A dotnet restore --locked-mode step fails saying the lock cannot be modified in locked mode, after a dependency change that was not re-locked. Removing --locked-mode "fixes" it locally, which confirms the lock is stale.

dotnet restore output
error : The packages lock file is inconsistent with the project dependencies so
restore can't be run in locked mode. Disable RestoreLockedMode or pass
--force-evaluate to update the lock file.

Common causes

Dependencies changed without regenerating the lock

A PackageReference or a central PackageVersion changed, but packages.lock.json was not refreshed, so locked-mode restore detects the drift and stops.

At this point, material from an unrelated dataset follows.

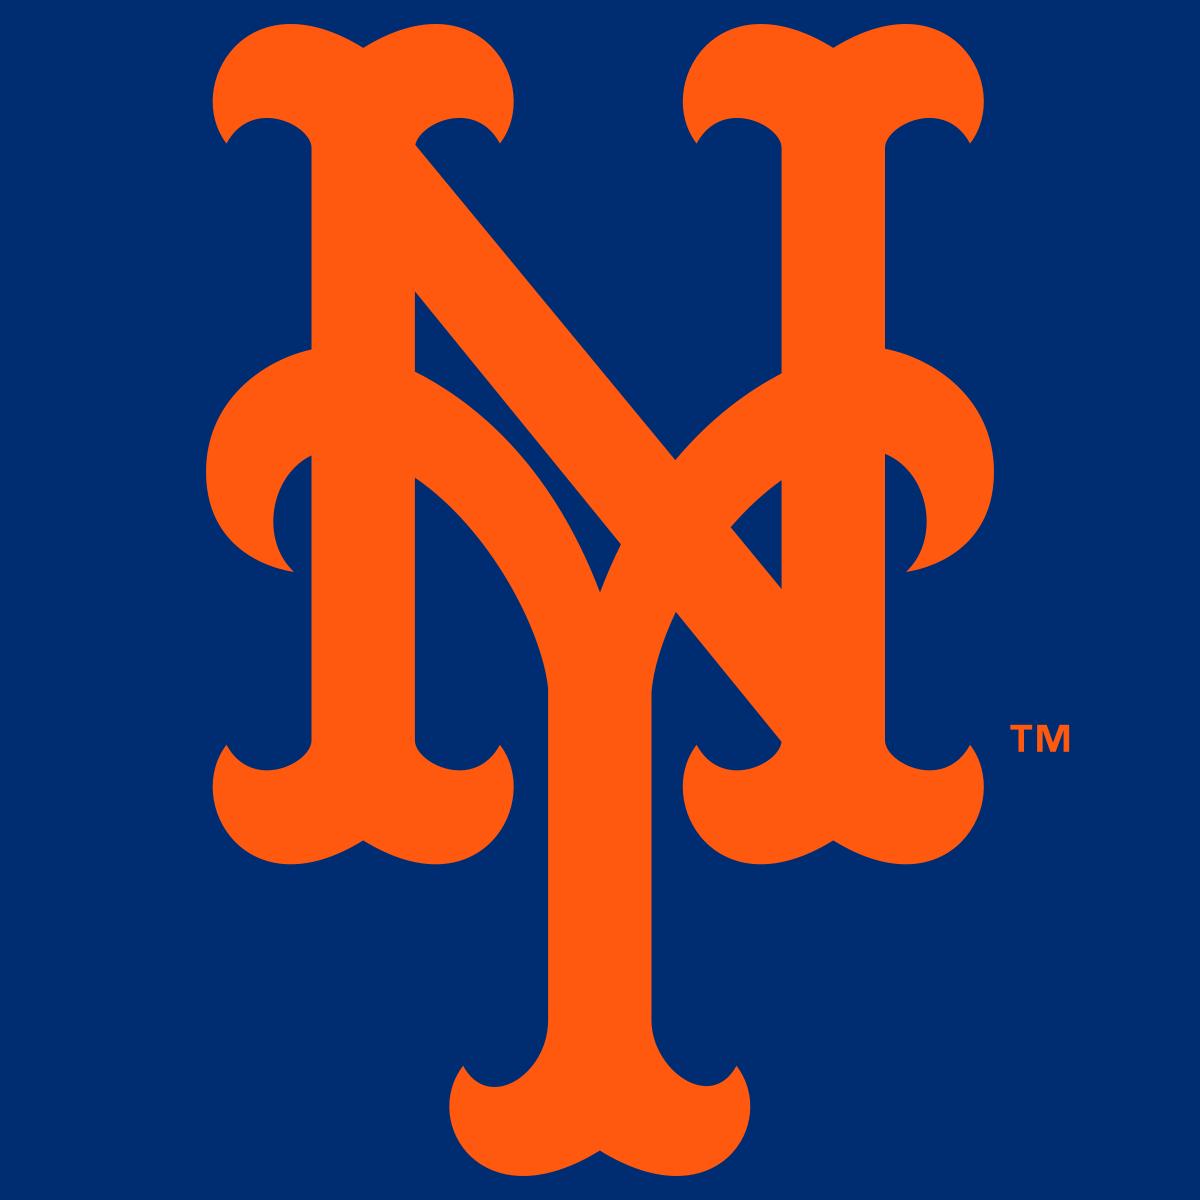 Apple Watch Face New York Mets Baseball Mlb Mets New York Mets Mets Apple Watch Custom Faces
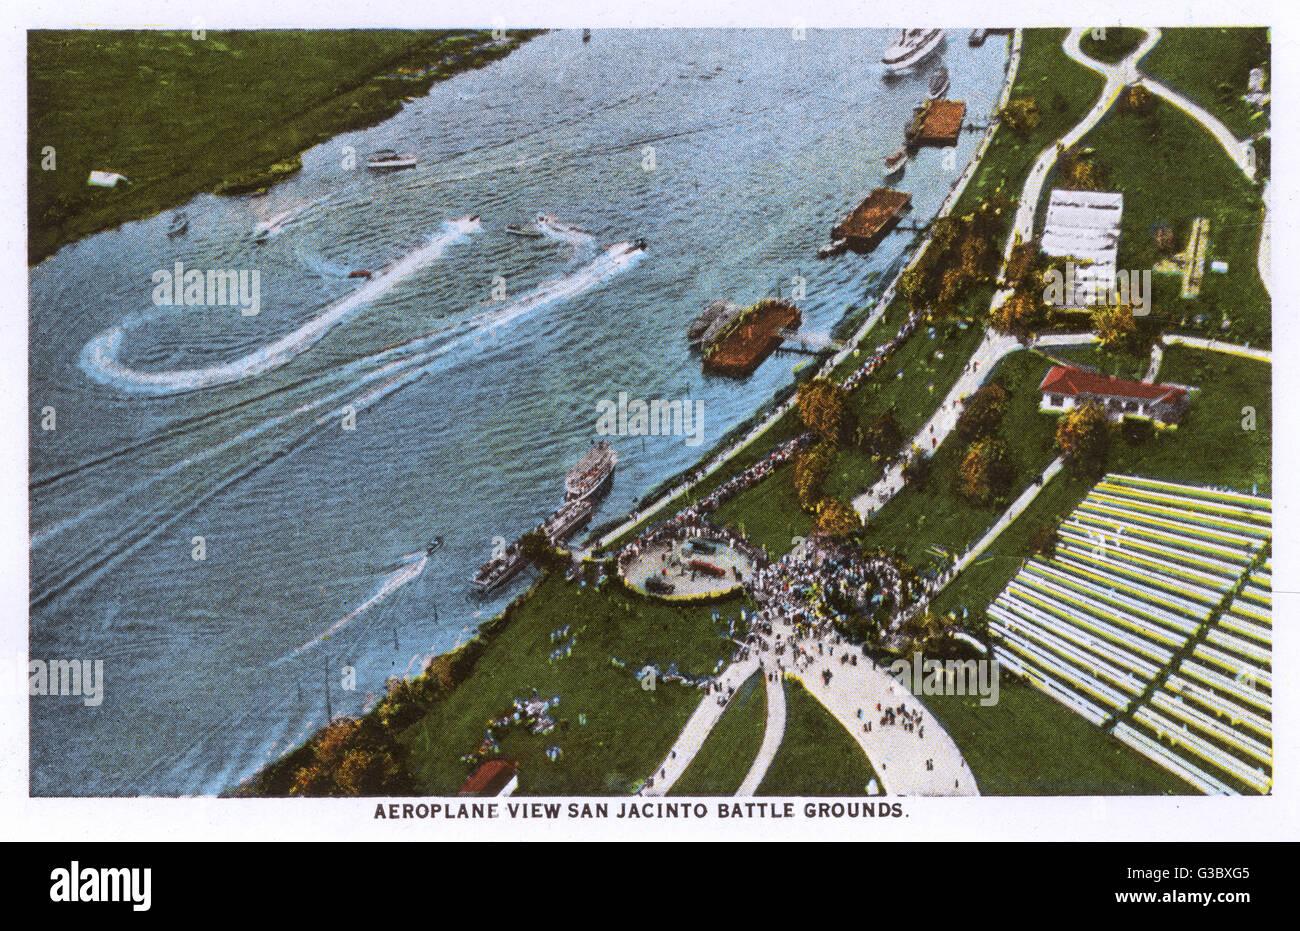 Aerial view, taken from an aeroplane, of the San Jacinto Battleground historic site, Houston, Texas, USA.  The battle - Stock Image

A transitive bump changed the resolved graph

Even without a direct edit, a newly published transitive version (with a floating range) can change the resolved set, making the committed lock stale under locked mode.

How to fix it

Regenerate and commit the lock file

Re-evaluate to refresh the lock, then commit it so locked-mode CI matches.

Terminal
dotnet restore --force-evaluate
git add **/packages.lock.json && git commit -m "Refresh NuGet lock file"

Keep locked mode strict in CI

Restore in locked mode so a PR that forgets to re-lock fails fast instead of drifting.

.github/workflows/ci.yml
dotnet restore --locked-mode
# or set per project:
# <RestoreLockedMode>true</RestoreLockedMode>

How to prevent it

  • Run dotnet restore --force-evaluate after any dependency change and commit the lock.
  • Enable RestorePackagesWithLockFile and keep packages.lock.json committed.
  • Avoid floating version ranges when you rely on locked-mode reproducibility.